The acquisition will increase CNOOC's oil production by about 20 percent, which was between 341 million and 343 million barrels oil equivalent in 2012, and reserves by 30 percent, said CEO Li.
"The move certainly helps CNOOC become more geographically diversified," said John Licata, founder and chief energy strategist at New York-based Blue Phoenix Inc, an independent energy-research company.
"But now that the company gains a footprint in new areas, management needs to explore how best to build upon existing relationships to further enhance and foster even more business opportunities in these regions."
"CNOOC has the opportunity to roll up its sleeves and maximize Nexen's ability to break down heavy oil through technological advancement," he said.
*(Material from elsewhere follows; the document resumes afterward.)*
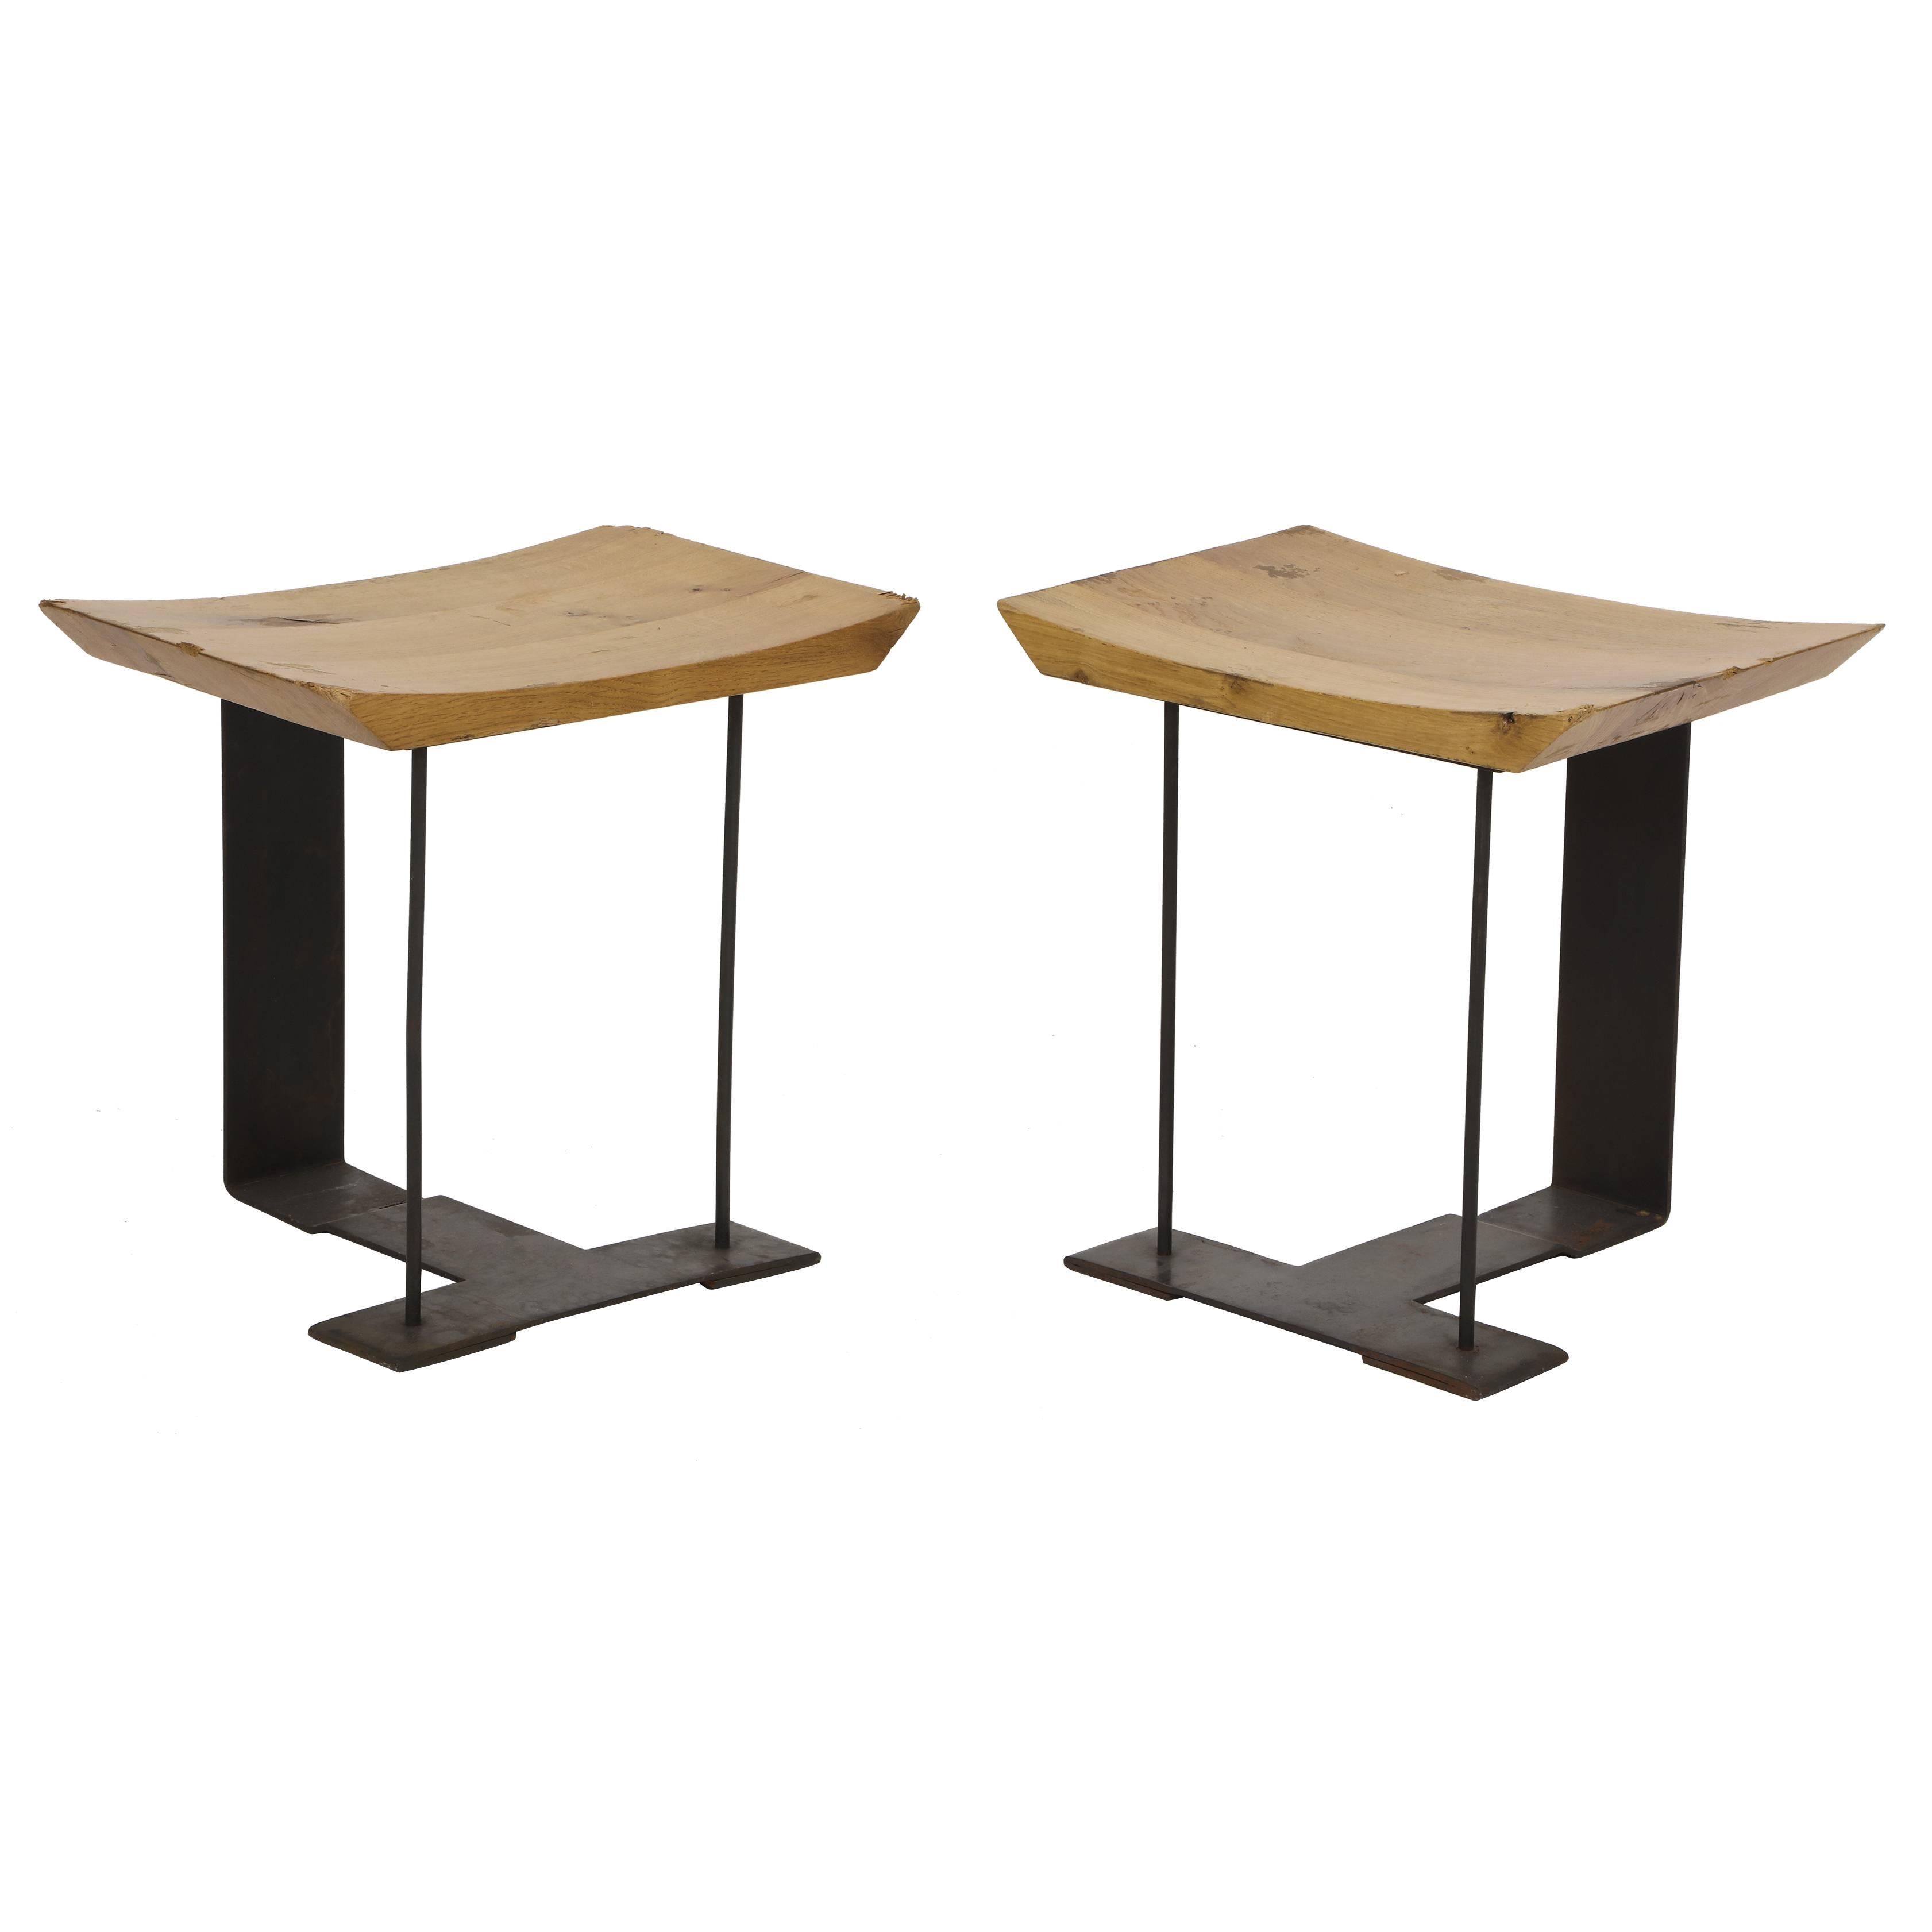 Iron and Wood Stools after Pierre Chareau SN2 France 1920s-1930s Deco.

Iconic stools or side tables after Pierre Chareau. Iron and wood. Not sure when these specific pieces were made but the iron looks oxidized. The wood has some wear to a few
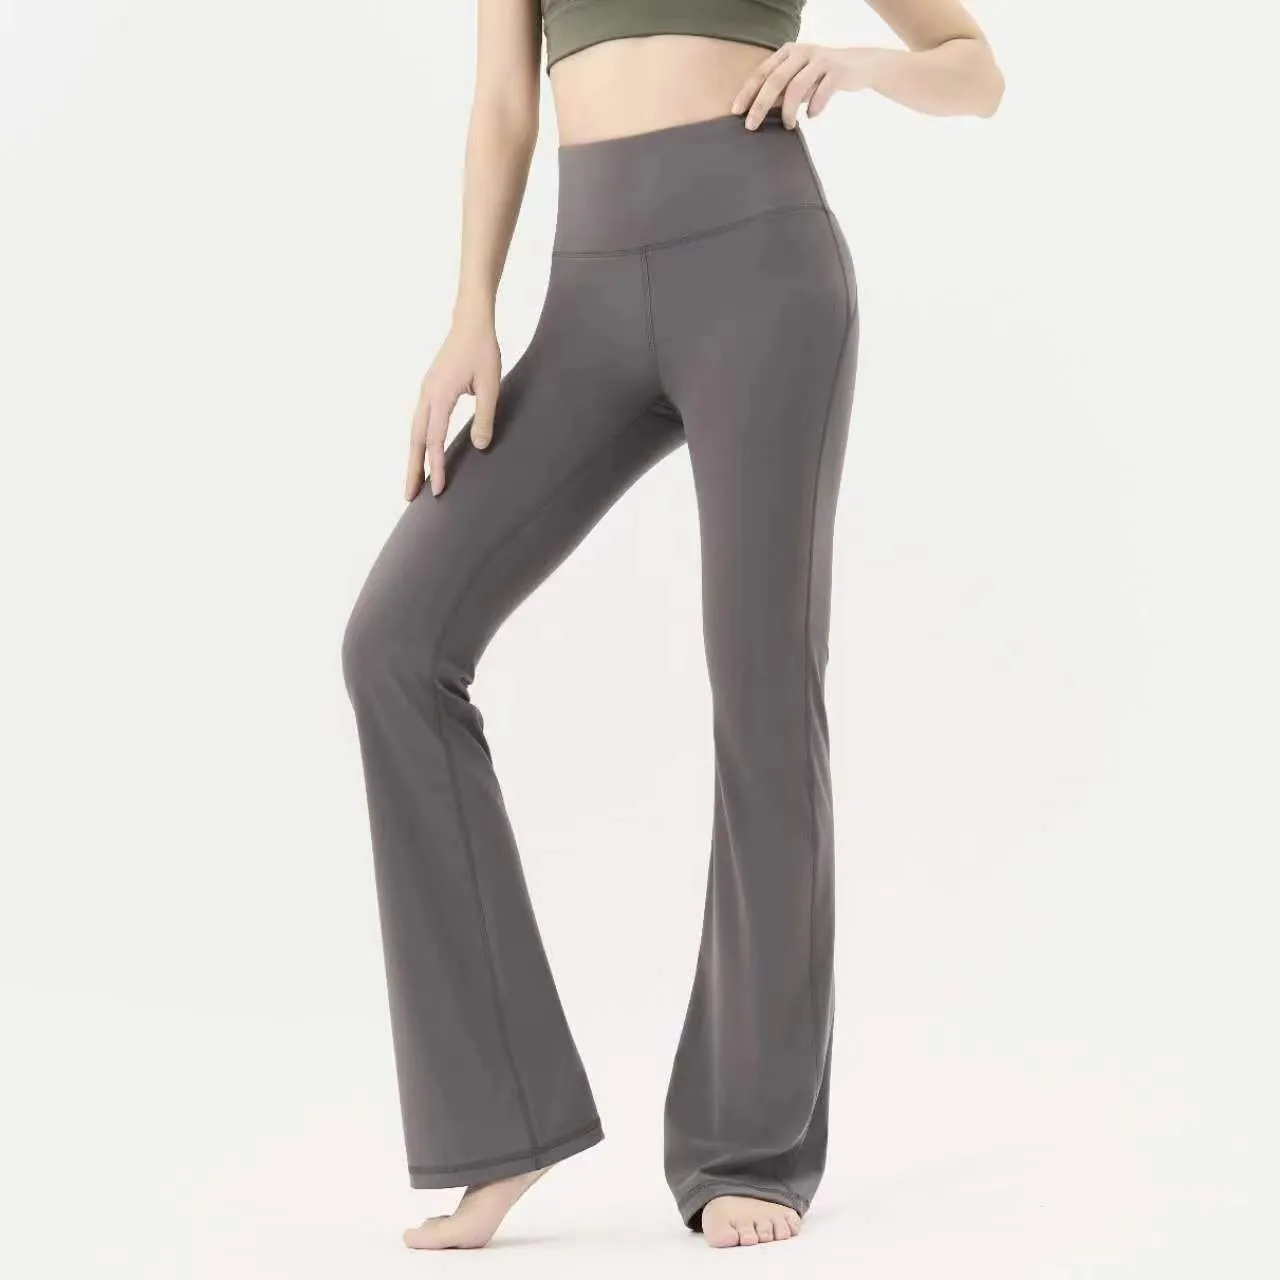 Super High Rise Flared Lycra Aritzia Yoga Pants Flare Lightweight,  Stretchy, And Sweat Wicking For Gym, Running, Sports CK2204 From  Play_sports, $22.95

"CNOOC needs to beef up exposure to clean fuels, especially since coal is still rather dominant in China, so while the Nexen deal makes sense, the company needs to not make the same mistakes as the US and become too focused on one or two energy sources."
The largest overseas acquisition by a Chinese company was first announced in July. Canadian regulators approved it in December.
In February, the Committee on Foreign Investment in the United States (CFIUS), which reviews sensitive deals by foreign investors in the country, signed off on the deal's part involving Nexen's assets in the Gulf of Mexico.
"The one-year acquisition process was filled with hardships," CNOOC Chairman Wang recently told the Shanghai Securities News.